Вторую пушку он переехал по станине, хотел дать задний ход и вдруг увидел впереди в кустах красную вспышку, будто кто-то размахивал окровавленной тряпкой, и рванул туда. Это били по нему, он почувствовал это остро, инстинктивно, хотя не услышал удара, спешил опередить следующий выстрел и опередил его.
Он мало что различал в зеленых чащах сада, деревца были вровень с танком, а некоторые и повыше, но держался одного направления, угадывал его по рядам деревьев, по солнцу, светившему с левой стороны. Еще расплющил миномет и уже мчал с холма. С левого фланга, из той же посадки, била пушка, и, захлебываясь в дикой ярости, хлестал пулеметным свинцом дот, который Иван только что проутюжил, но так и не завалил. Танк летел бешено, как вихрь, как пущенный из пращи камень. Позади грохнул один взрыв, другой — сработали противотанковые мины, но уже после того, как «пантера» пролетела по ним, вздыбились тучи рыжего песка, закрыв густой завесой танк от немецких артиллеристов. Иван сам не помнил, когда взял на себя правый рычаг, летел вдоль немецкой траншеи, утюжа ее. Сухая земля засыпала окопы, курилась пылью, он вел танк зигзагами, и шлейф песка и дыма тянулся за ним длинным хвостом. Танк качался, точно на гигантских волнах, фонтаны песка брызгали из-под гусениц, снова лязгнуло что-то по броне, — наверное, бросили гранату, целились в гусеницу и не попали, и еще один удар — тяжелый, скрежещущий, казалось, ударило прямо в мозг, под череп, он даже пощупал голову, в ней звенело, гудело; тошнотно-горячий воздух забивал дыхание, сознание его туманилось, но он все же сумел, не сбавляя газа, развернуть машину и повести к своим окопам.
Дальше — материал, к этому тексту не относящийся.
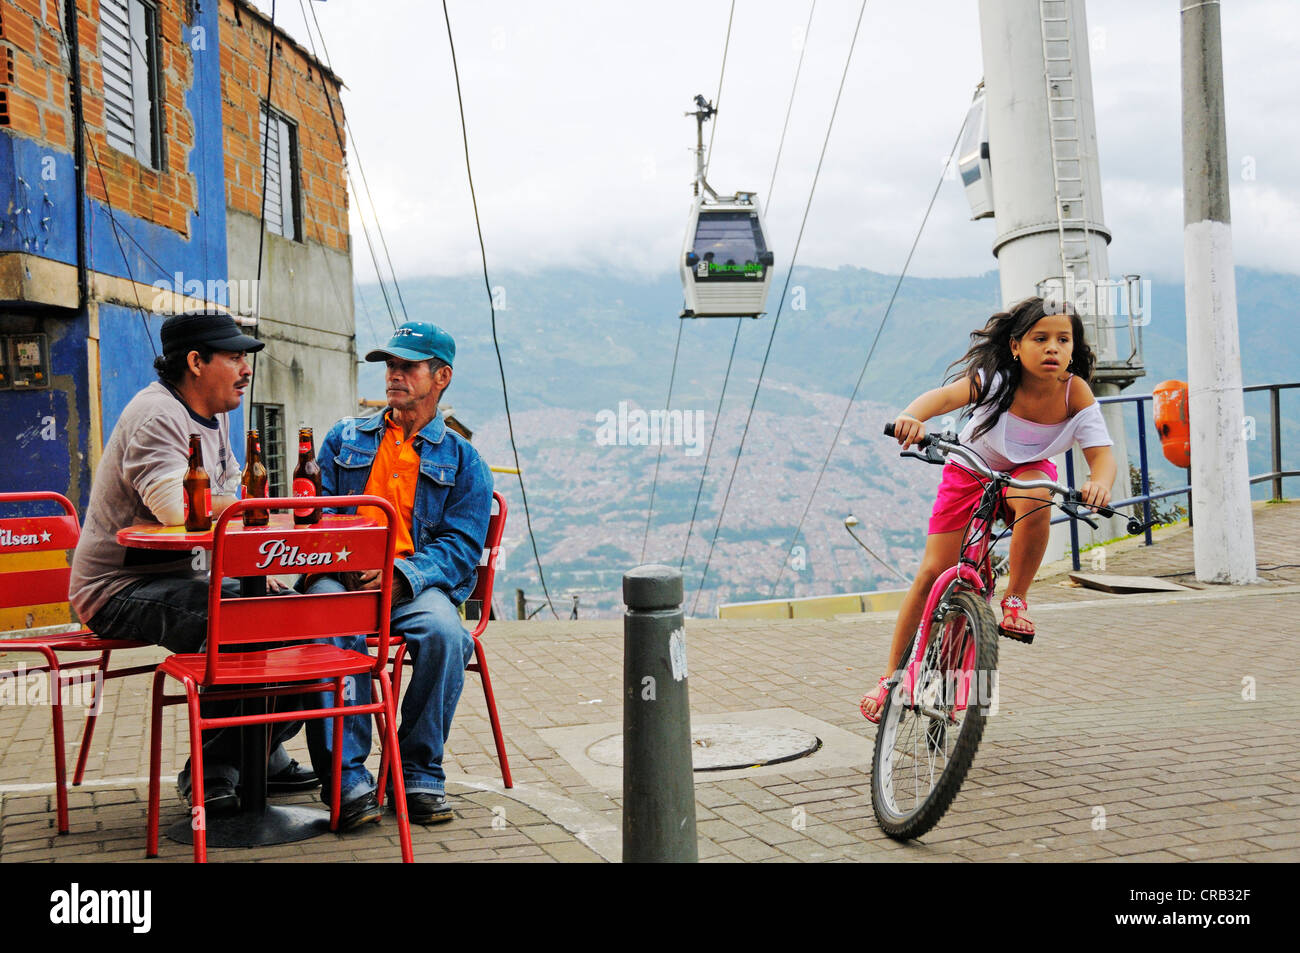 Men sitting in a street café, girl riding a bicycle, Metrocable cable car at back, slums, Comuna 13, Medellin, Colombia Stock Photo

Пот заливал глаза, струился по спине, а в глазах качалась черно-красная радуга не то от напряжения, не то от потери сил, и он еле различал широкую полосу горизонта над желто-зеленой пеной садов далекого села. Однако пелена спала, когда впереди вынырнули темно-зеленые коробки, и он скорее не разумом, чутьем военного угадал, что это наши танки. А потом увидел и пехоту, она шла густо, прижимаясь к танкам, припадая к земле. Маленькие дорогие фигурки тех самых пехотинцев, тех самых десантников, которых столько раз возил на броне, с которыми жил одной семьей, где пополам все — харчи, махра, опасность, смерть. Ему сдавило грудь, горло, черные слезы побежали по щекам, остывая в густой щетине давно не бритой бороды. Он нажал на тормоз, развернул «пантеру» и так, плача, повел ее снова на штурм высоты. Никто не видел тех слез, не слышал его всхлипываний. А если бы и увидел, Иван, наверное, не стал бы их скрывать.
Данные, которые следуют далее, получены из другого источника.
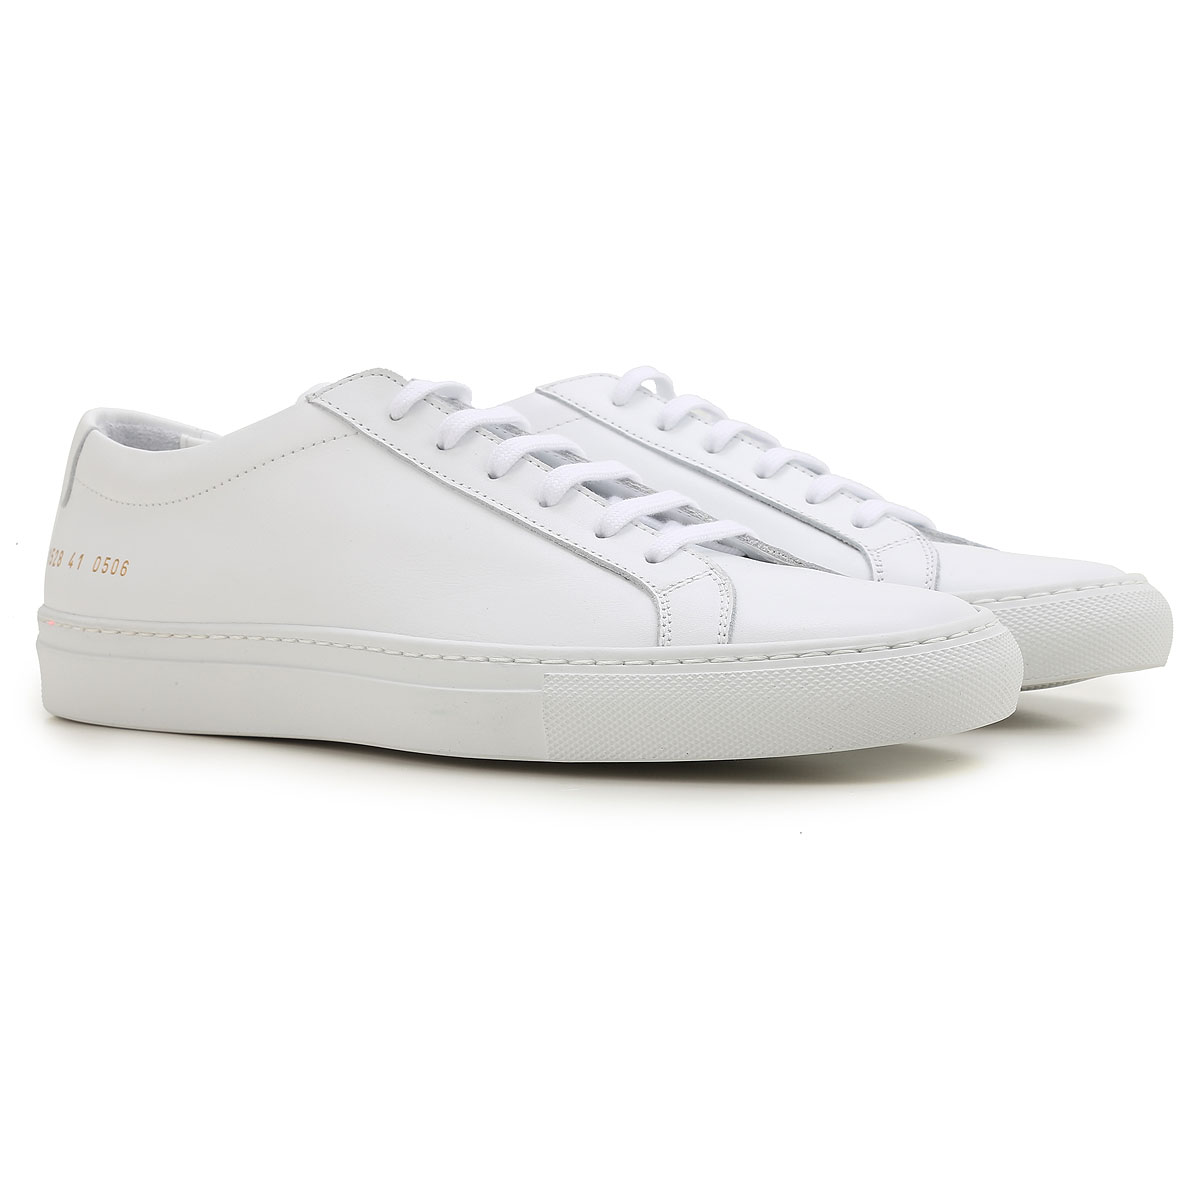 Mens Shoes Common Projects, Style code: 1528-0506-

…Иван стоял посреди хаты с низким потолком и тяжелой белой матицей, на которой чернел выжженный крест, недвижным взглядом смотрел перед собой. И таким же недвижным взором (только значительно более суровым) смотрел на него с иконы святой Георгий. Тоже худой, тоже заросший густой черной бородой.
Одежда на Иване свисала клочьями, лицо прокопчено и от этого казалось еще чернее, напоминая лицо мертвеца. Только в широко раскрытых глазах светилась мысль.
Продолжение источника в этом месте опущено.